Social Media Intervention for Engagement and Intelligence

Architecting Better Data-driven Digital Experiences

Social Media Intervention for Engagement and Intelligence

Event-related communication has always been at the heart of social media, from Twitter’s debut at SXSW in 2007 to the everyday sharing of check-ins, meals and parties in Foursquare and Facebook, to Oreo’s big marketing win with a single tweet during the 2013 Superbowl.

As my colleague Daniel Honigman pointed out to me today, for brands trying to gain attention through social media, simply being event-driven does not ensure engagement. Daniel noted the social media efforts around the 2013 Oscars as an example of event-based communications that underperformed expectations because although they were clever, they were also contrived and (unlike Oreo’s superbowl message) not naturally related to the actual unfolding of the event.

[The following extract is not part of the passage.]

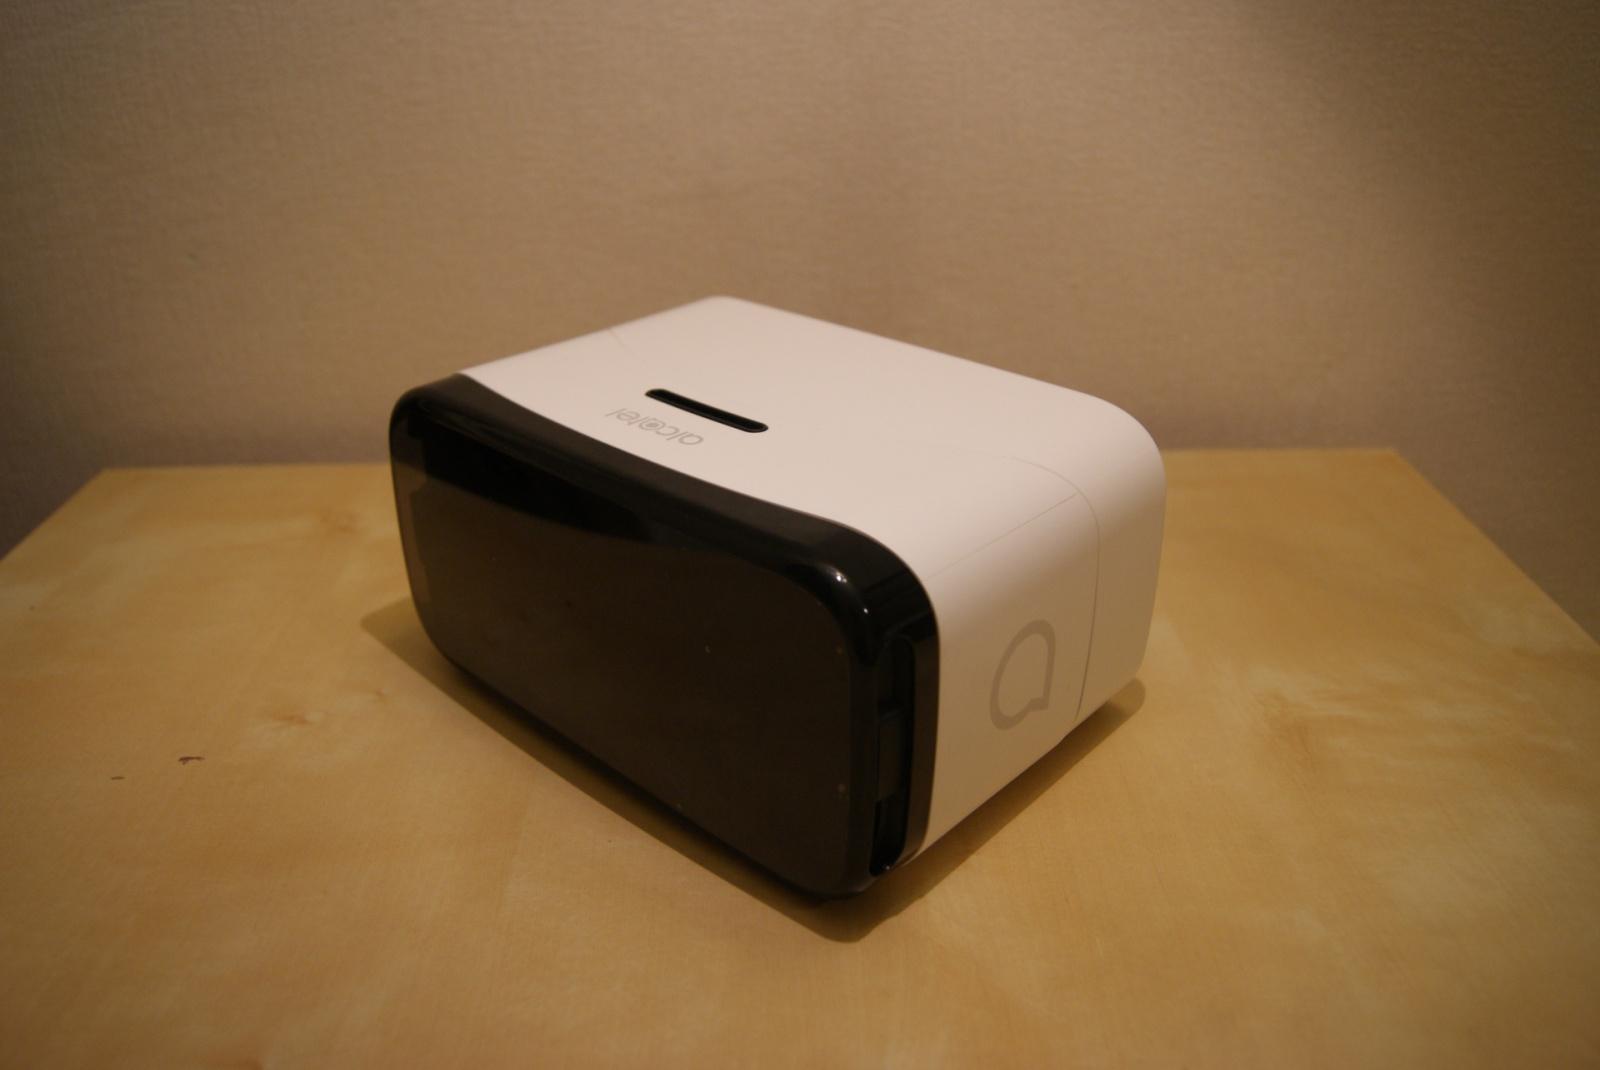 Обзор Alcatel IDOL 4S: виртуальная реальность из коробки - 3

So relevance and timeliness are the required characteristics for successful social media engagement, both in the proactive publicity-seeking outreach mentioned above, and in the other common form of social media communication: crisis response.

In both publicity-seeking and crisis-response, there are mechanics related to generating positive engagement around the event. The trajectory of both types of event are captured in the following diagram:

Intervention

The Y axis in the above represents a desired response to the call to action in our engagement, which can range from increased brand affinity to a direct conversion depending on the nature of the communication. The X axis represents time, with a sub-axis showing the user segments engaged in temporal proximity to any event (first influencers then early adopters, then the broader market).

The green diamond represents the occurrence of the event. In this diagram, the event can be a crisis or a promotion. The red lines show the impact on our desired conversions in the event of a crisis, while the blue line shows conversions in the event of a promotion.

In both cases, an immediate (effective) intervention around the event drives a lift in the conversions. In a crisis, the intervention seeks to stem a rapid decline in conversions (the dotted red line shows the expected post-even conversion rate without any intervention). In a promotion, the intervention seeks to drive a rapid gain in the desired conversion (buzz, shares, etc).

The dotted blue line shows the expected trajectory of a successfully delivered social media intervention around an event without a concerted effort to sustain the initial response through the early adopter and broader market audience segments. With marketing support, the influencer-driven content that most successfully garnered engagement around the event can be refined and repurposed for use in paid and owned digital channels.